What is expected:
Transcribe the listing below exactly, from its first line through the line with "Picnic at Ascot". Omit the pictures.

Data extract:
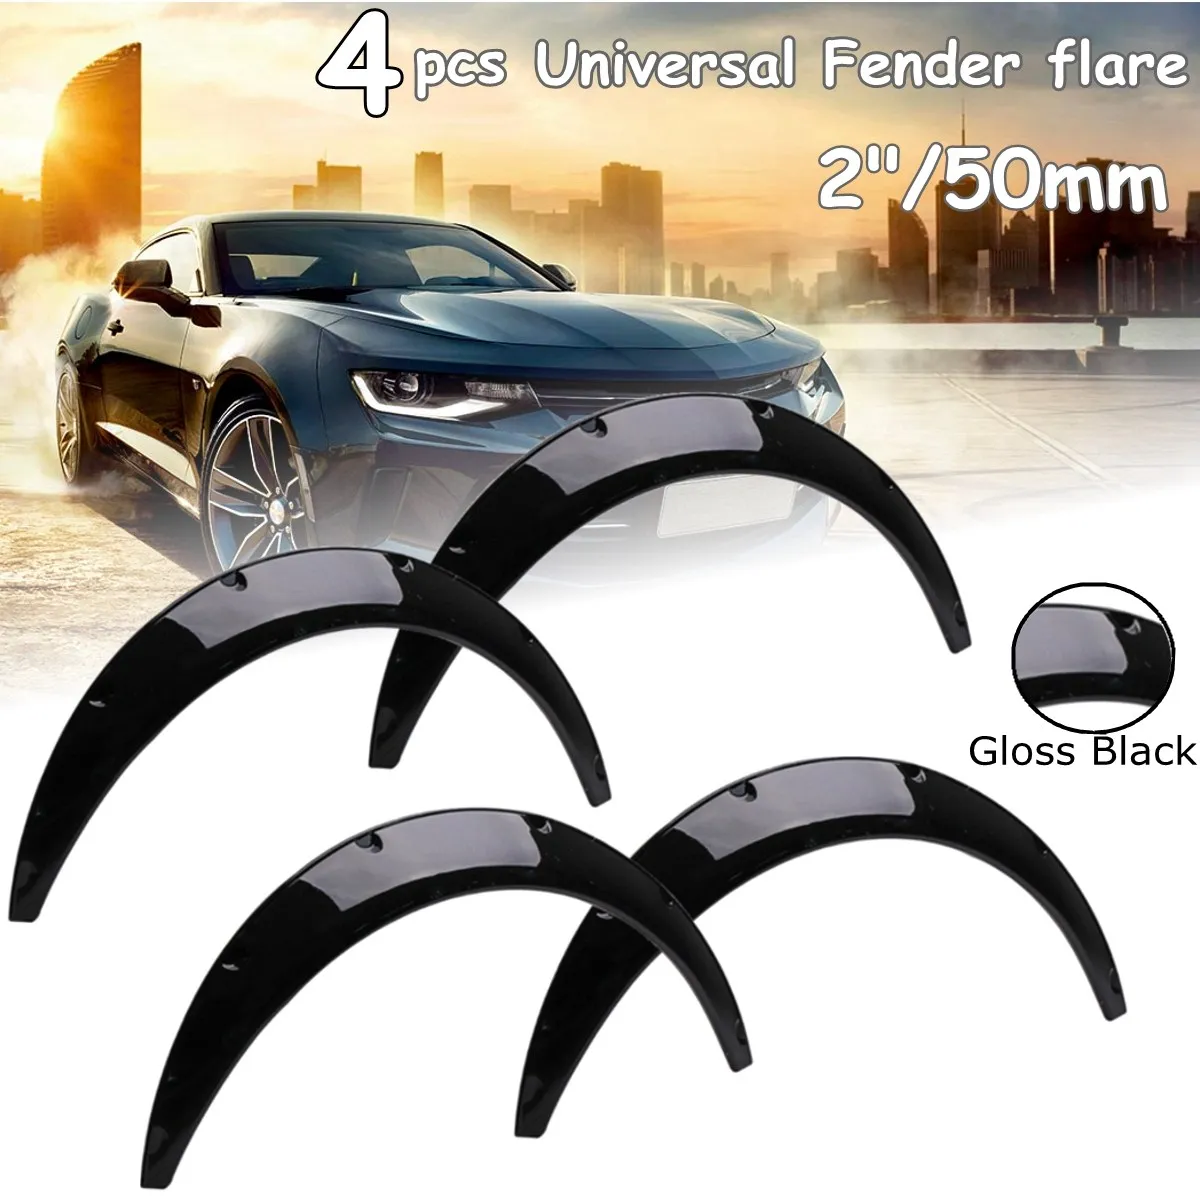 

4Pcs 2inch Universal Gloss Black Flexible Car Body For Fender Flares Extension Wide Wheel Arches
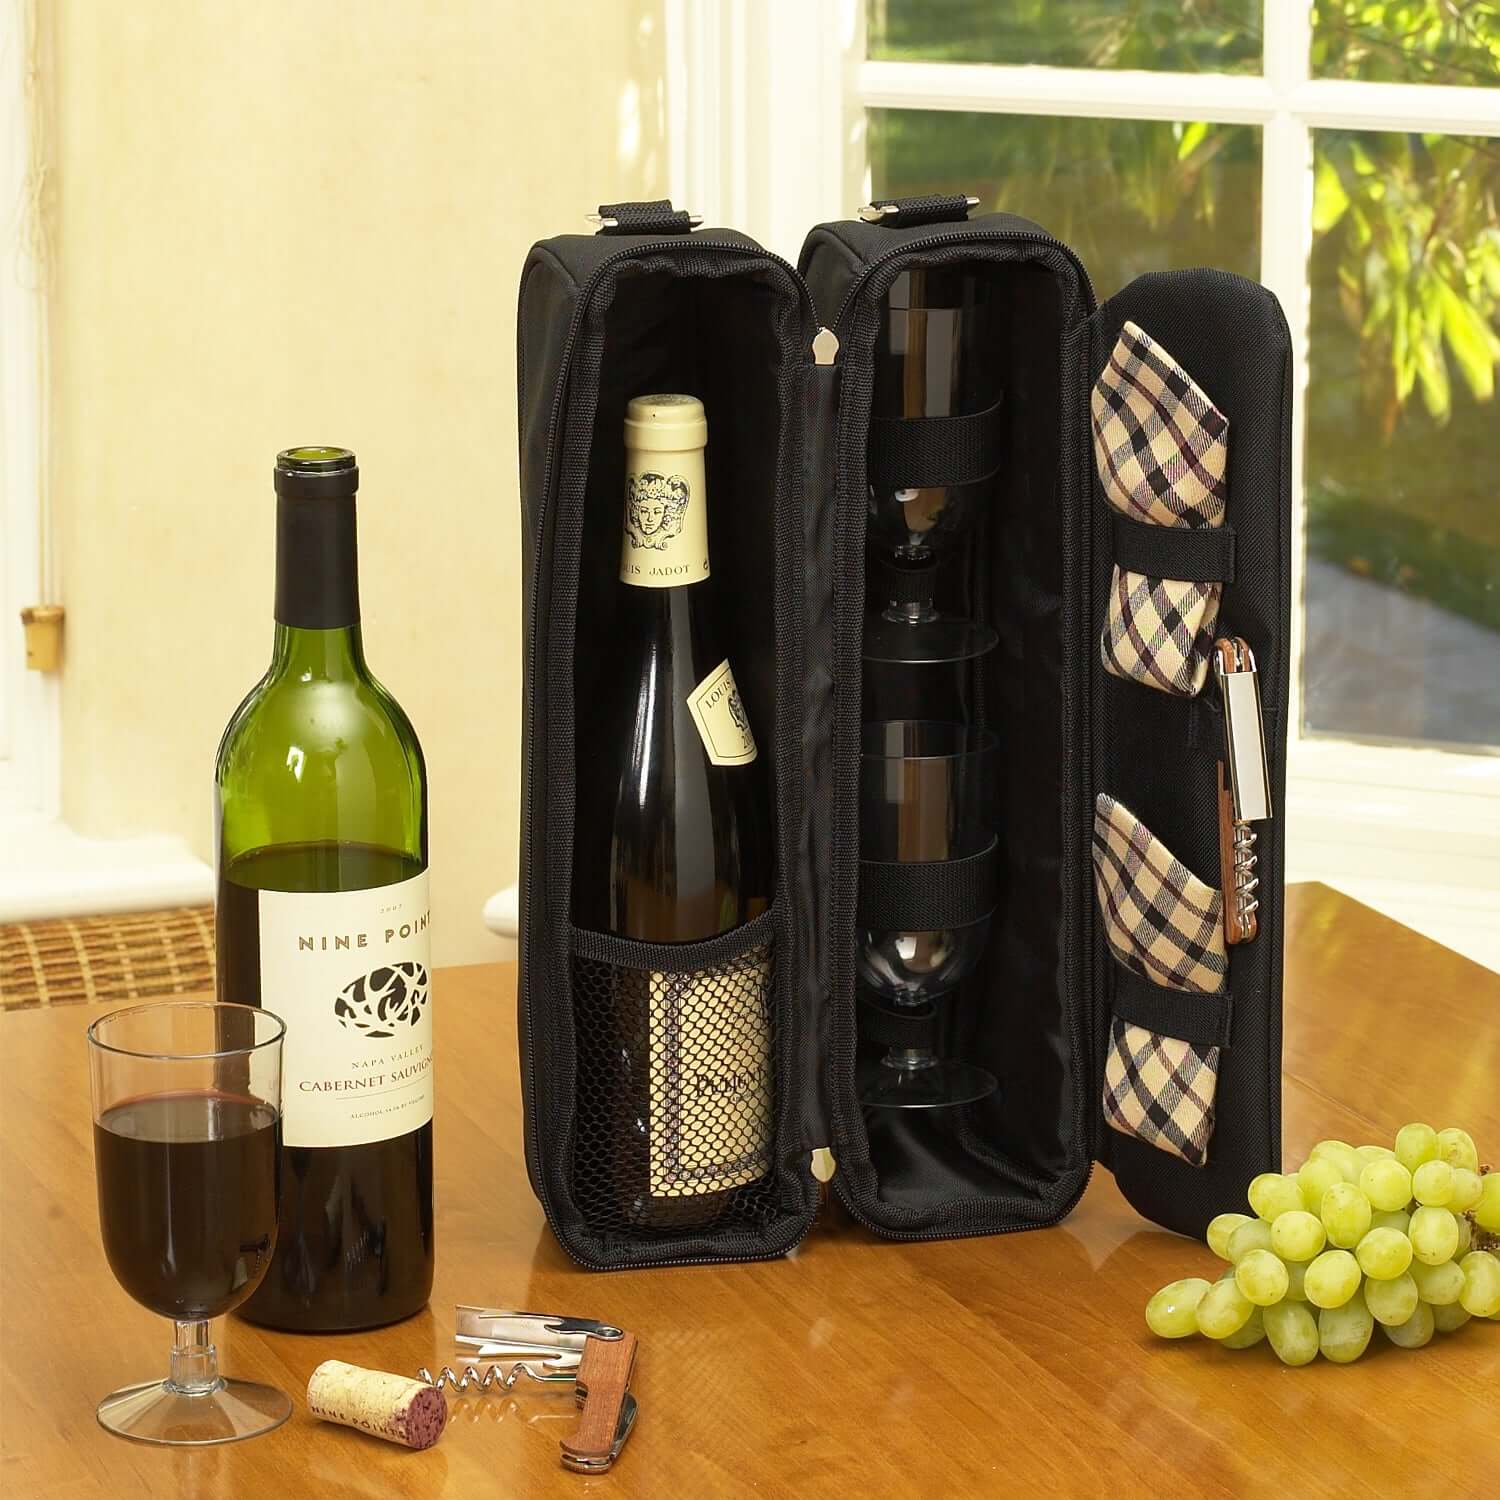 Picnic at Ascot - Deluxe Vienna Travel Coffee Tote for 2 - Black
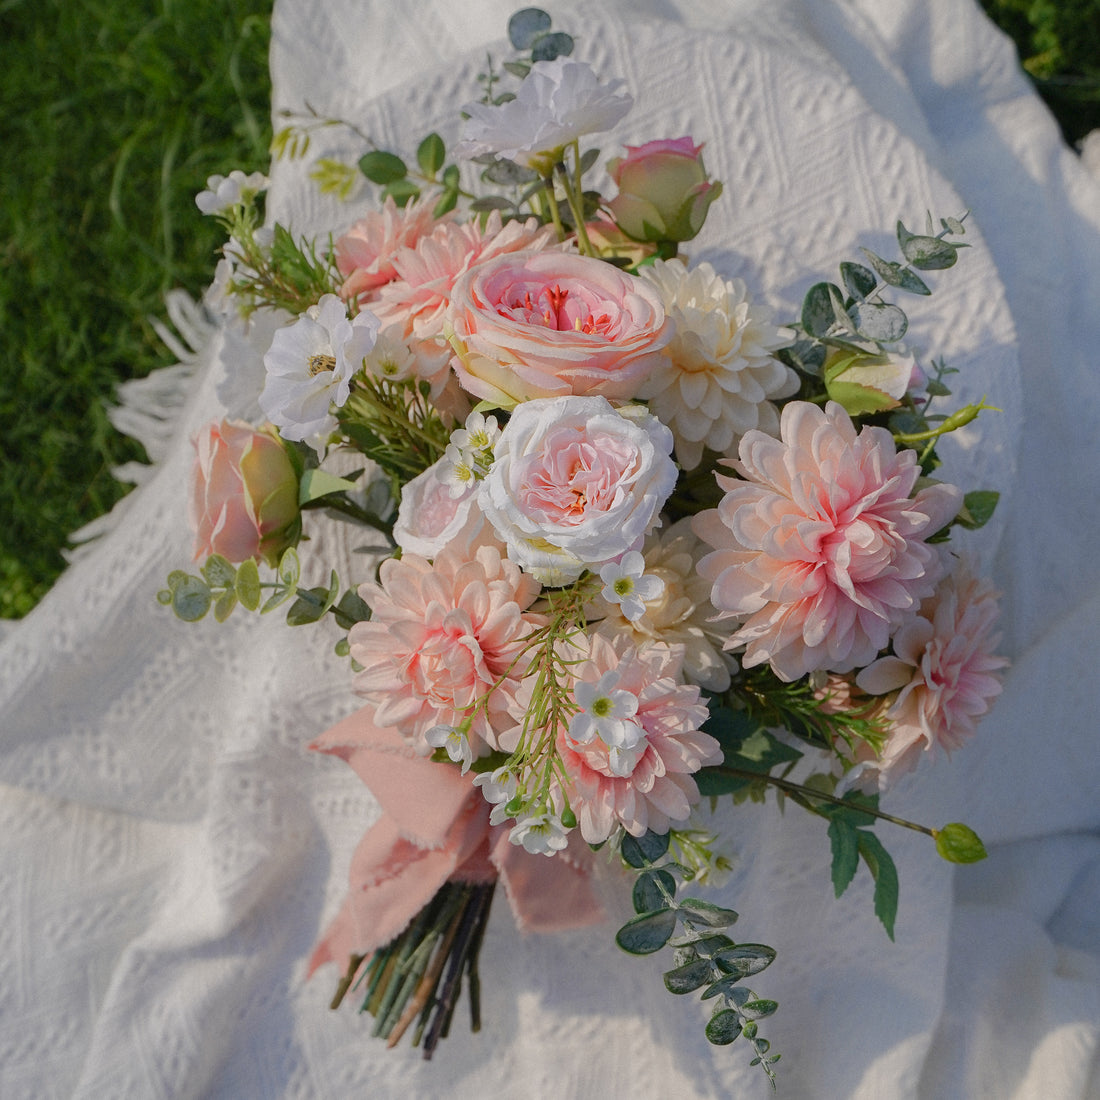 This pink fantasy wedding bouquet is the perfect accompaniment to any wedding. It is made of high quality flowers including pink roses, pink hydrangeas and pink daisies. The bouquet is decorated with ribbons and lace, very elegant. It is the perfect accessory for any bride and is sure to make her the center of attention at her wedding.

Solution:
4Pcs 2inch Universal Gloss Black Flexible Car Body For Fender Flares Extension Wide Wheel Arches
 Picnic at Ascot - Deluxe Vienna Travel Coffee Tote for 2 - Black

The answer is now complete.